_INPUT RECORDS_
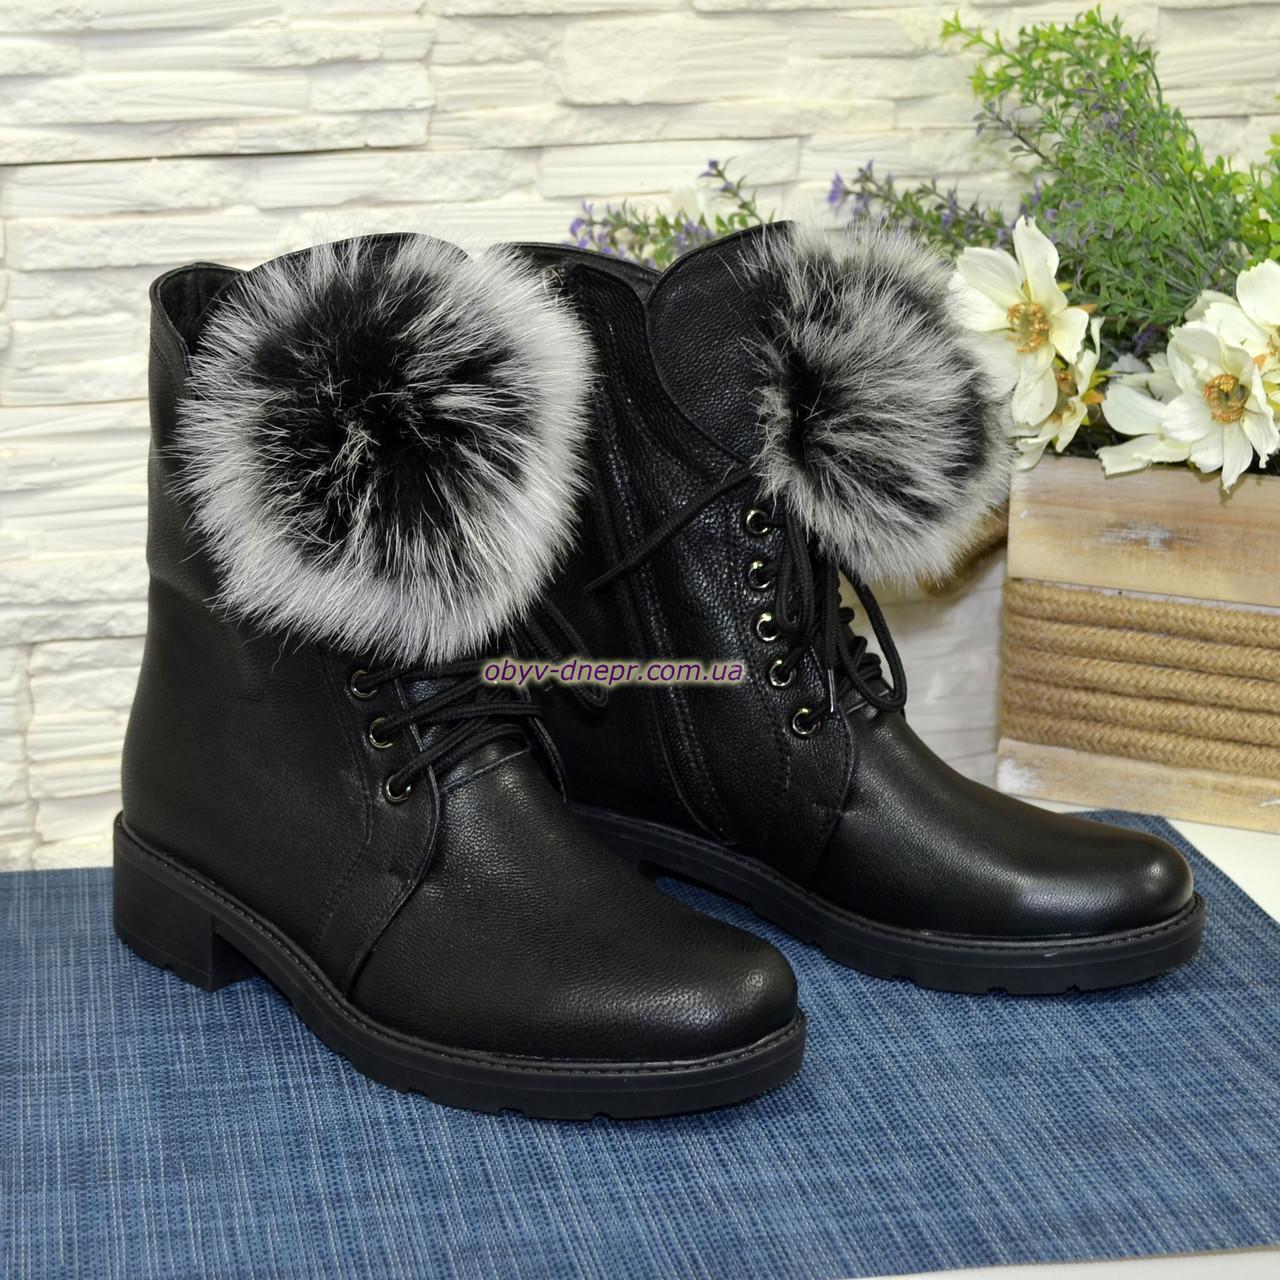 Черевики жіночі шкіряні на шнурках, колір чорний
--
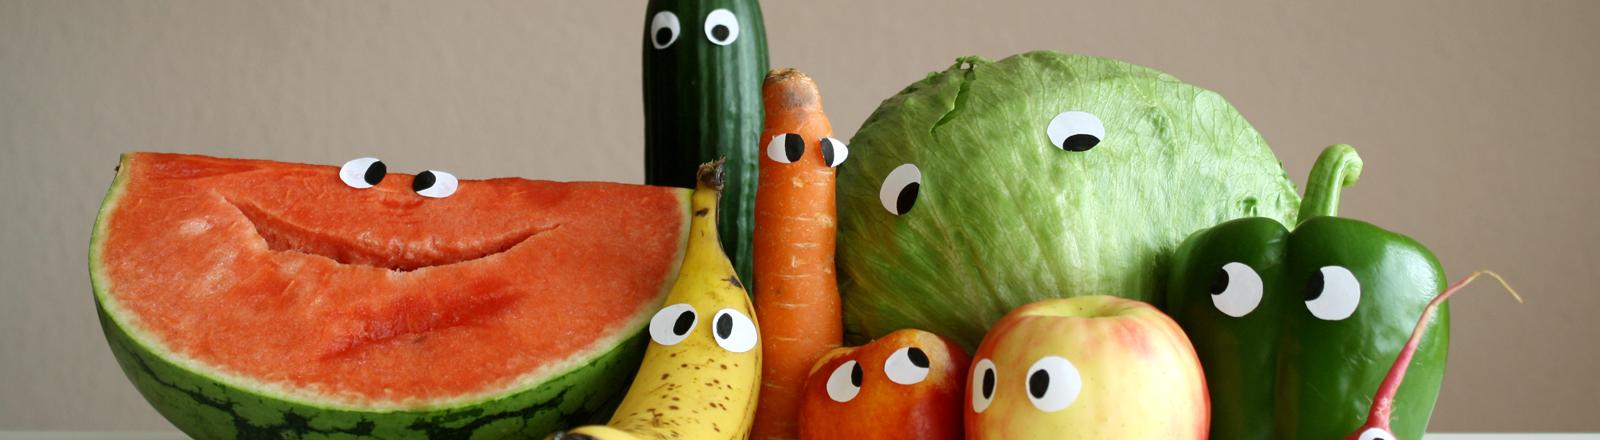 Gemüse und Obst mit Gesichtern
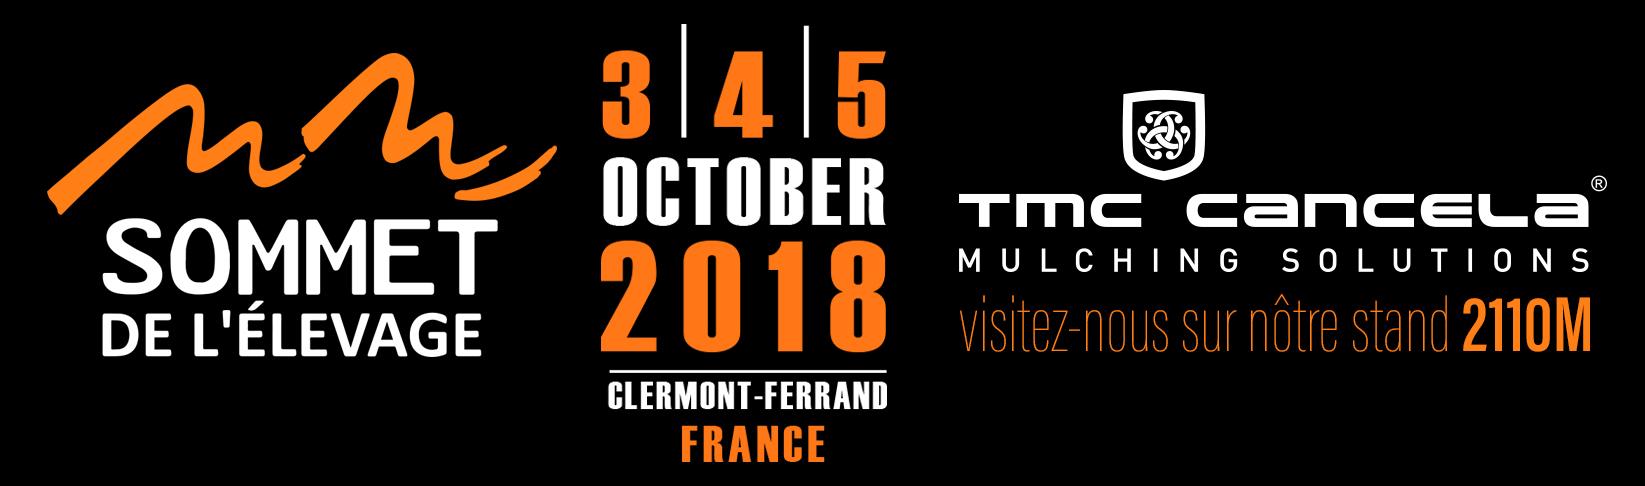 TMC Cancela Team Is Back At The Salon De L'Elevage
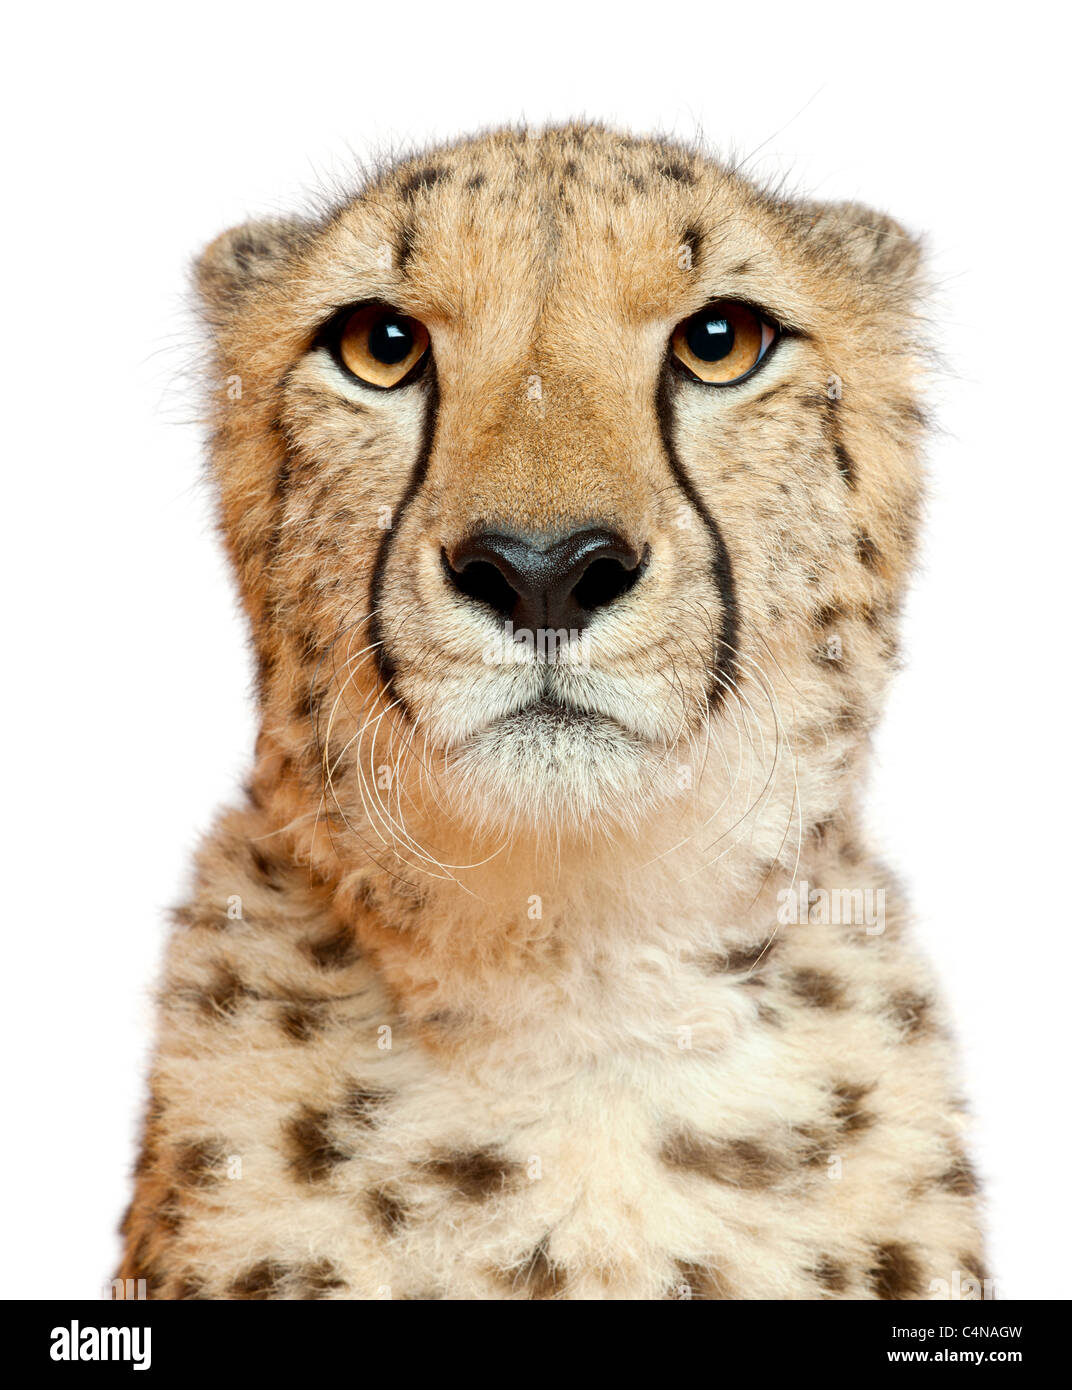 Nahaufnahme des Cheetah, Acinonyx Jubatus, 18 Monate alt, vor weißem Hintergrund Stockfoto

_YOUR GOAL_
In the entries above, find the line with "TMC Cancela Team" and the line with "Nahaufnahme des Cheetah, Acinonyx". Return exactly those lines and all the ones between them, pictures excluded.

_EXERCISE OUTPUT_
 TMC Cancela Team Is Back At The Salon De L'Elevage
 Nahaufnahme des Cheetah, Acinonyx Jubatus, 18 Monate alt, vor weißem Hintergrund Stockfoto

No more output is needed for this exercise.